=== Begin Enclosure ===
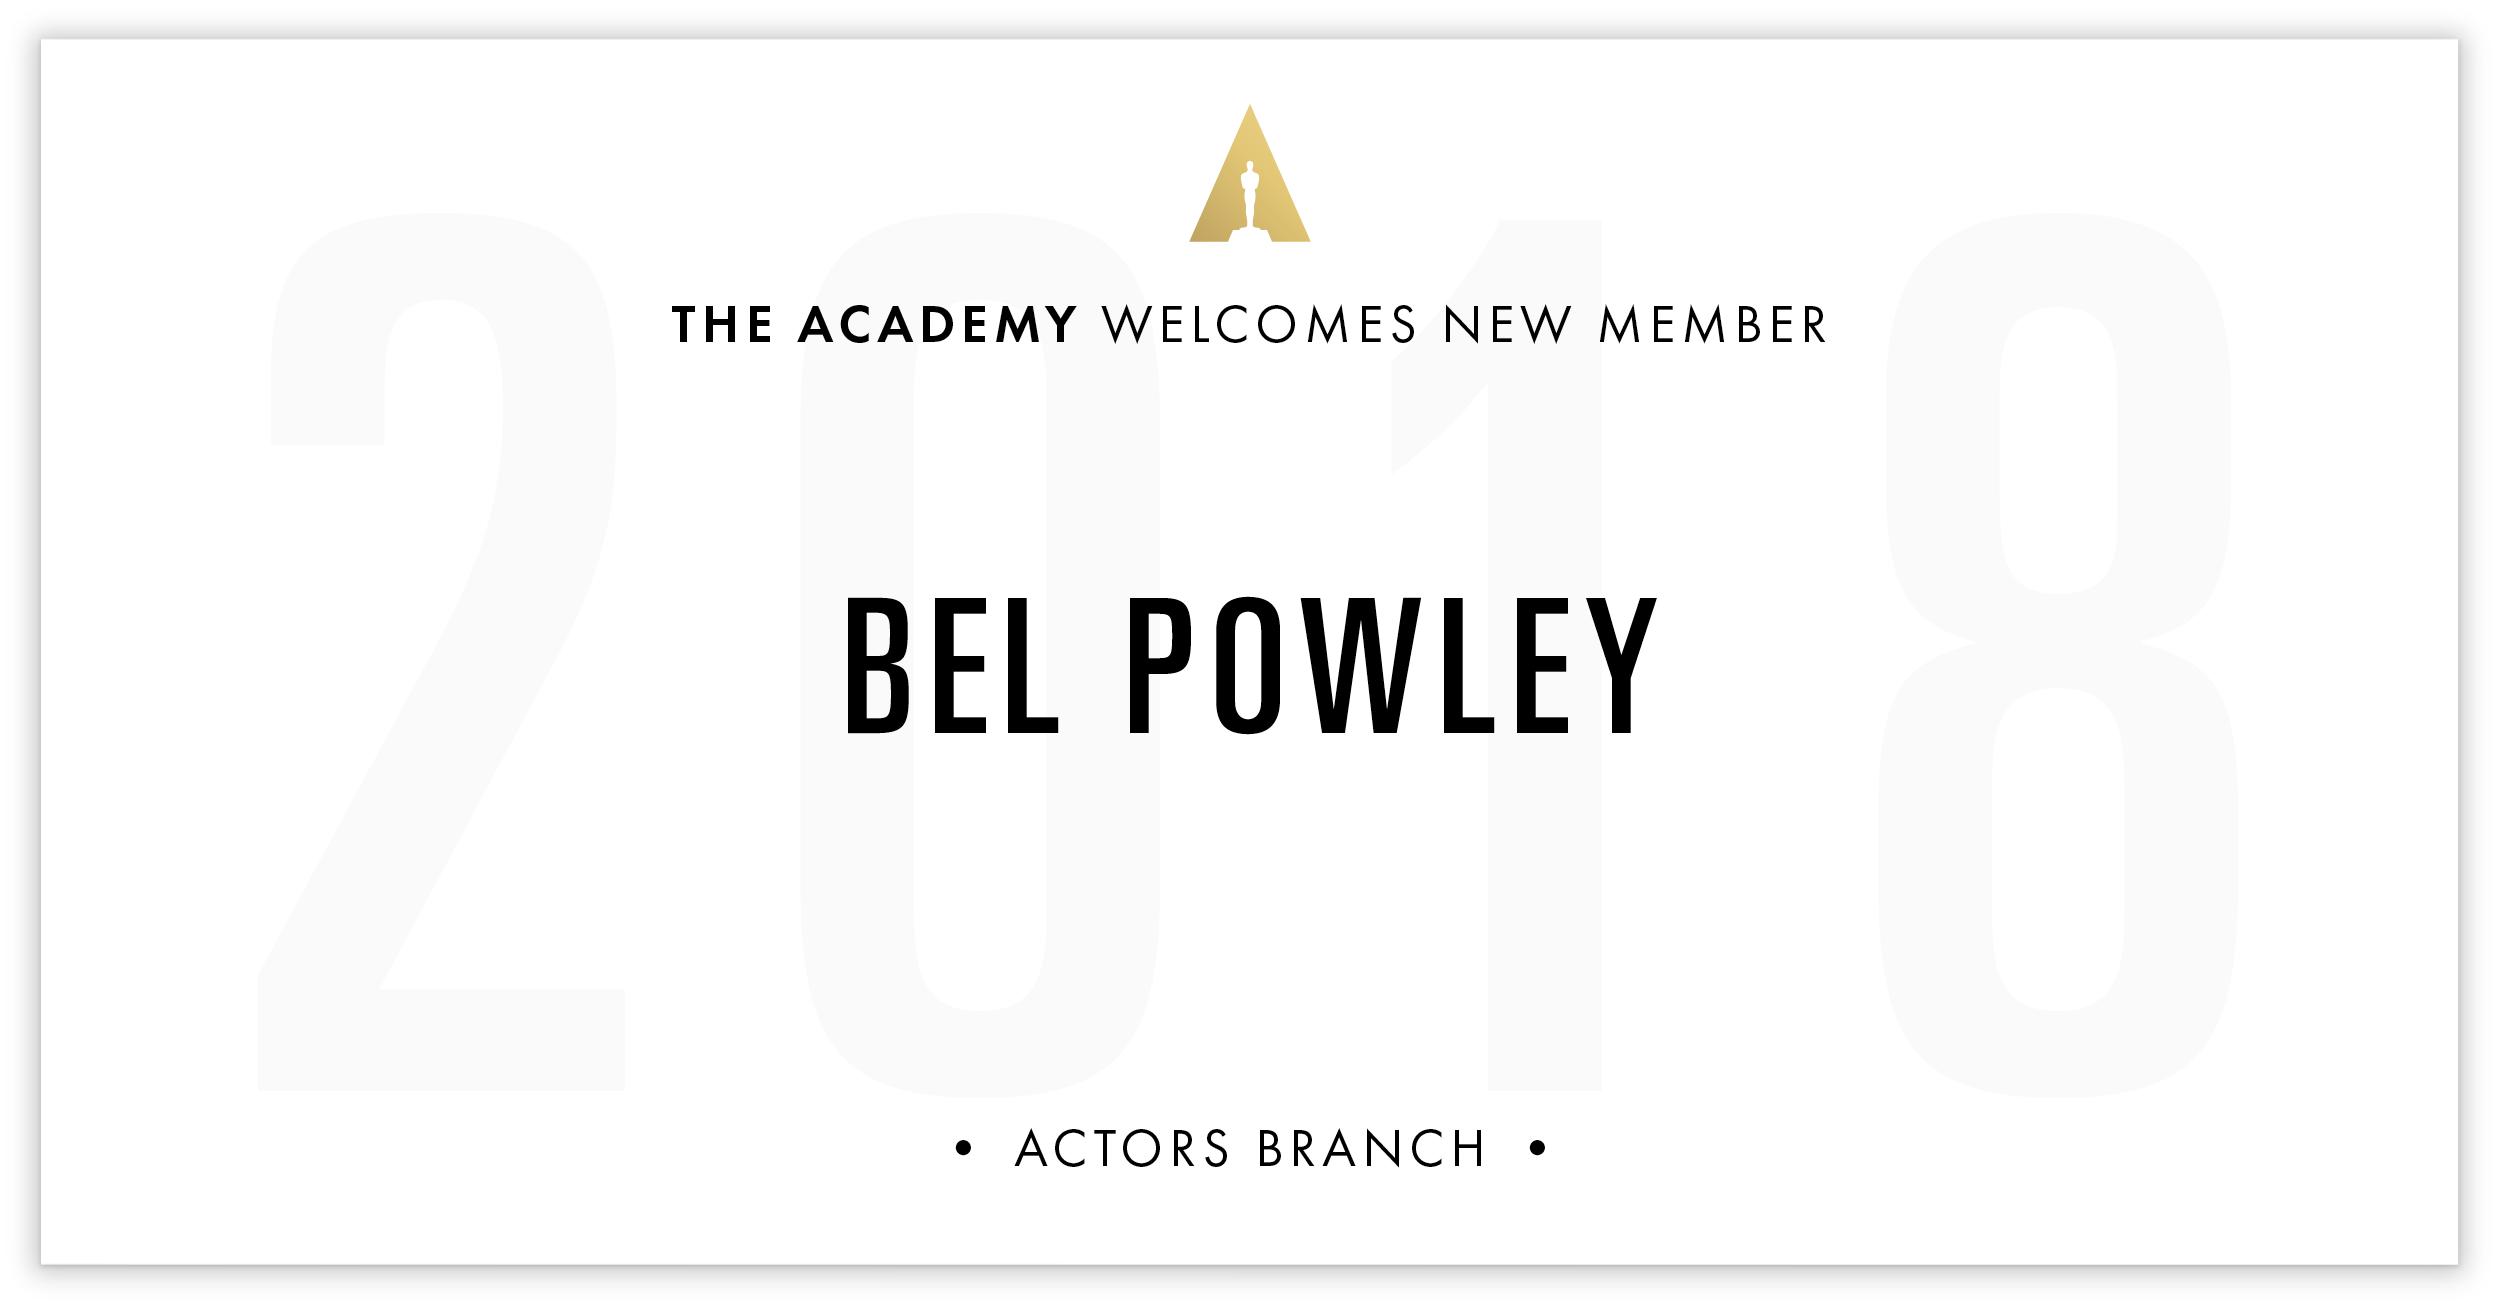 Bel Powley is invited!
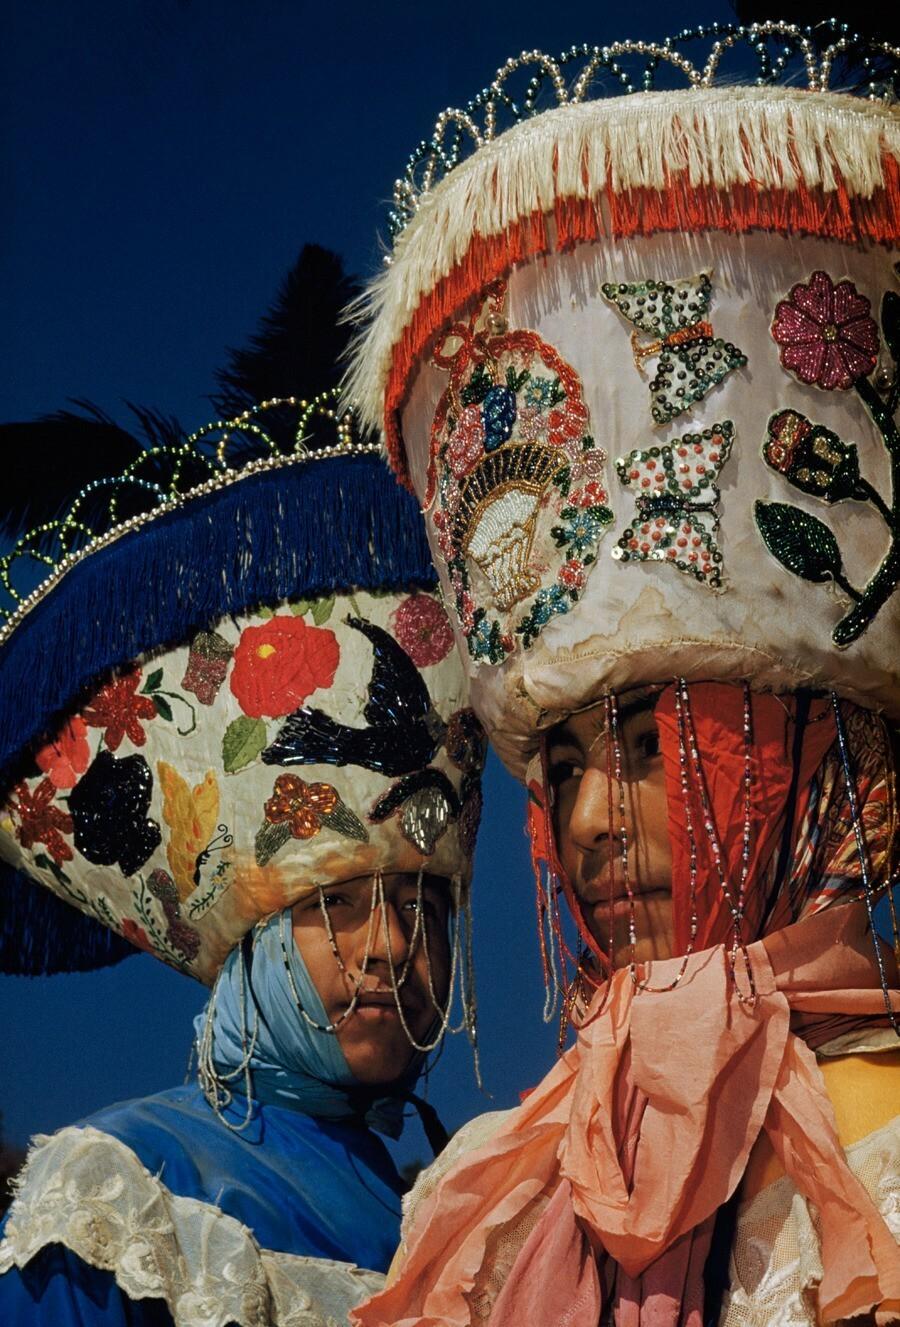 Карнавал в городе Тепоцотлан, Мексика, 1951. Фотограф Джастин Лок
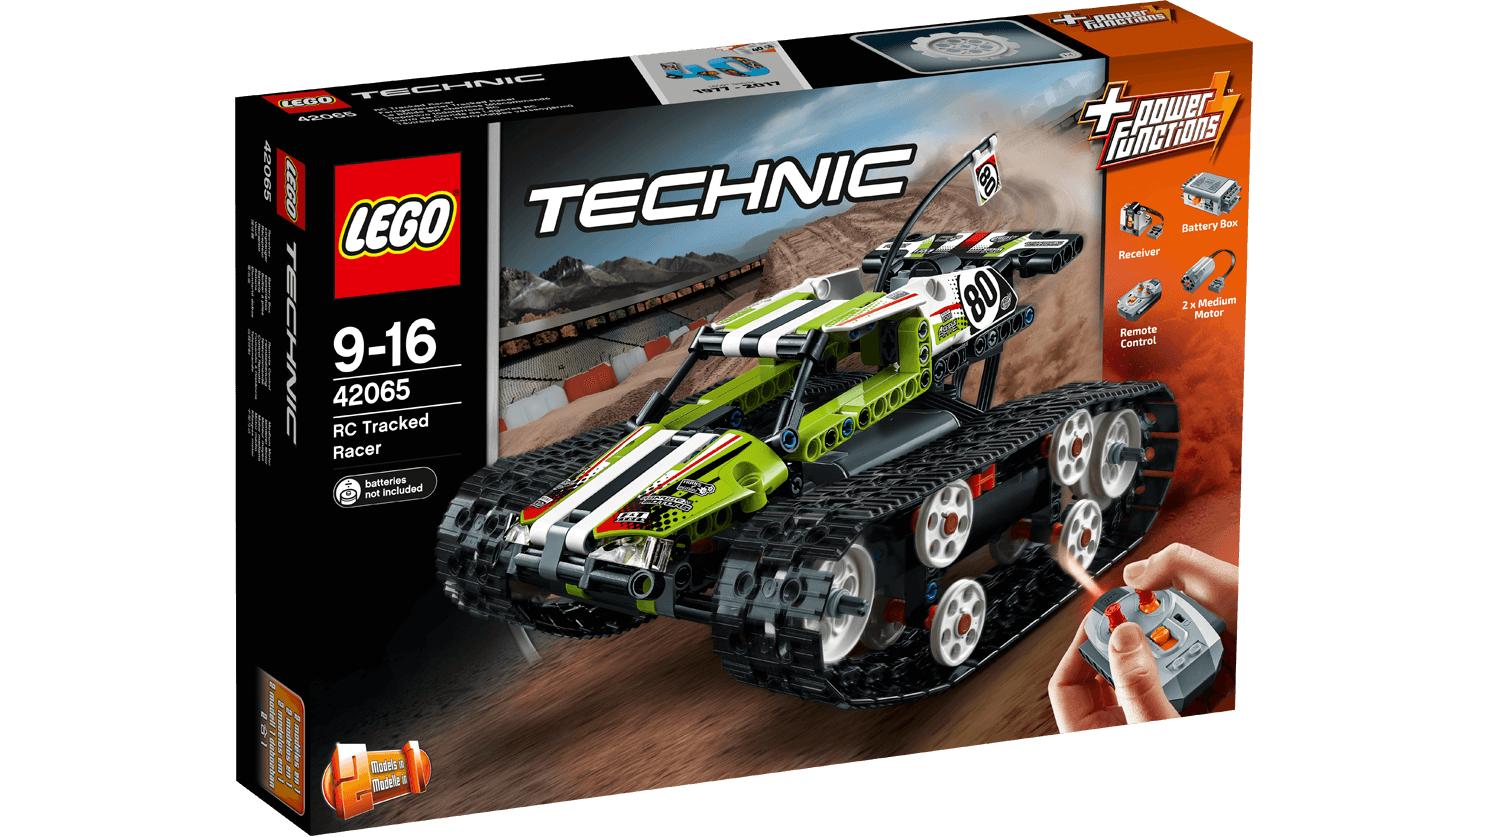 Lego Technic 42065 ferngesteuerter Tracked Racer [Amazon prime]
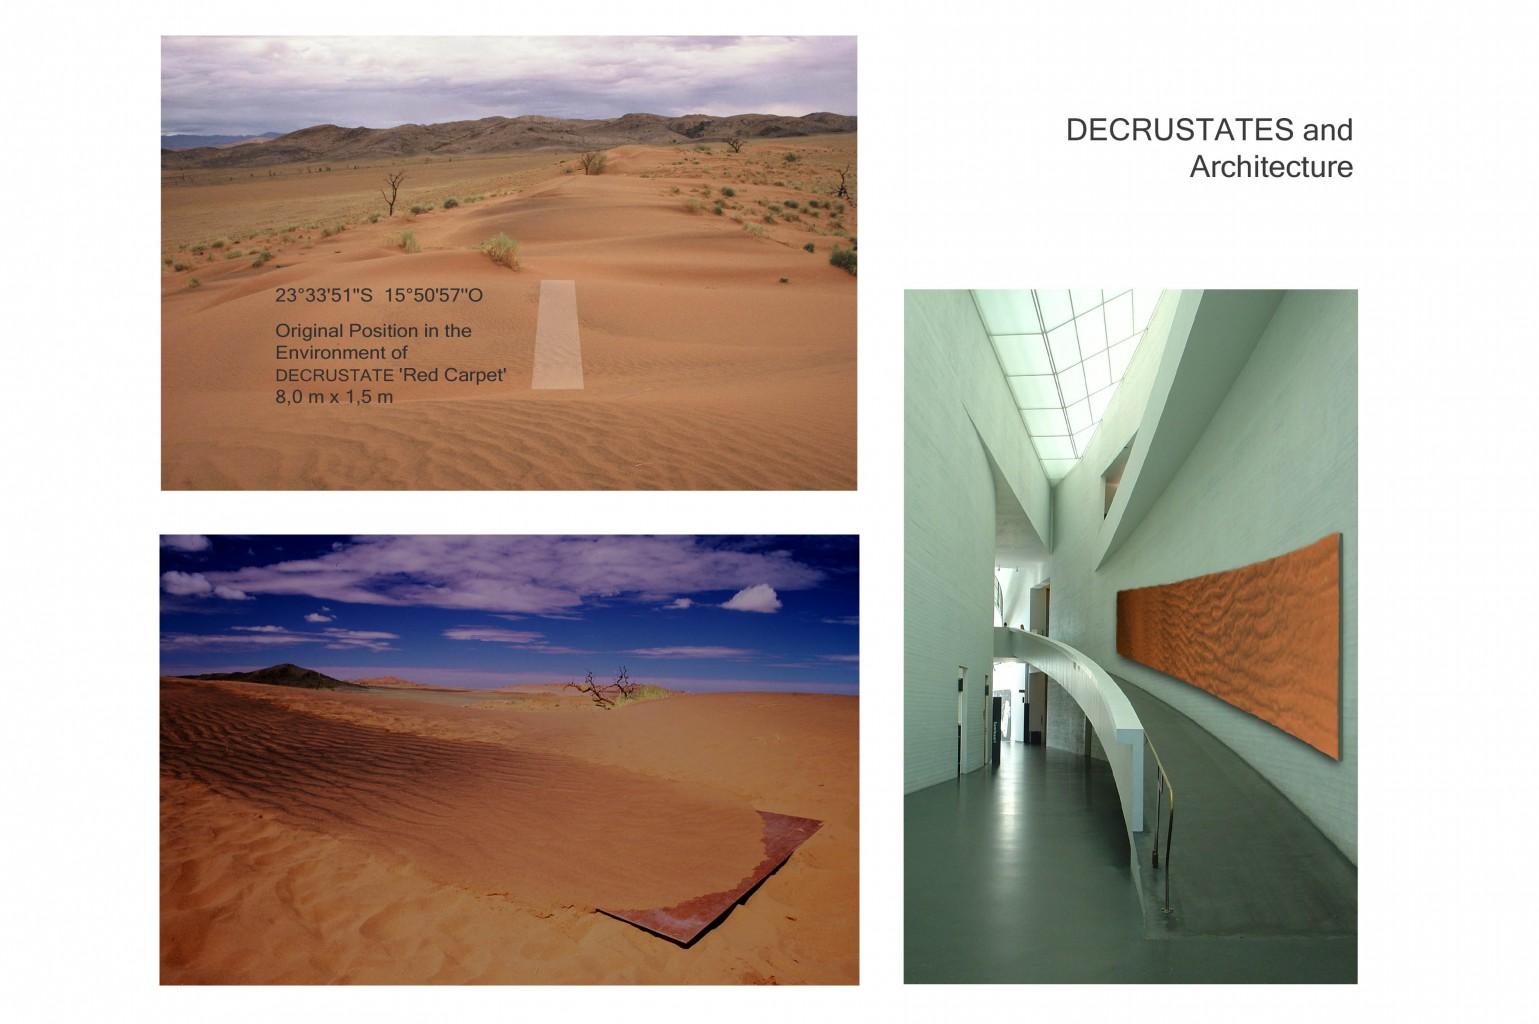 DECRUSTATES and Architecture 1 Kopie
=== End Enclosure ===
Please make an exact copy of the whole listing and leave out its pictures.

 Bel Powley is invited!
 Карнавал в городе Тепоцотлан, Мексика, 1951. Фотограф Джастин Лок
 Lego Technic 42065 ferngesteuerter Tracked Racer [Amazon prime]
 DECRUSTATES and Architecture 1 Kopie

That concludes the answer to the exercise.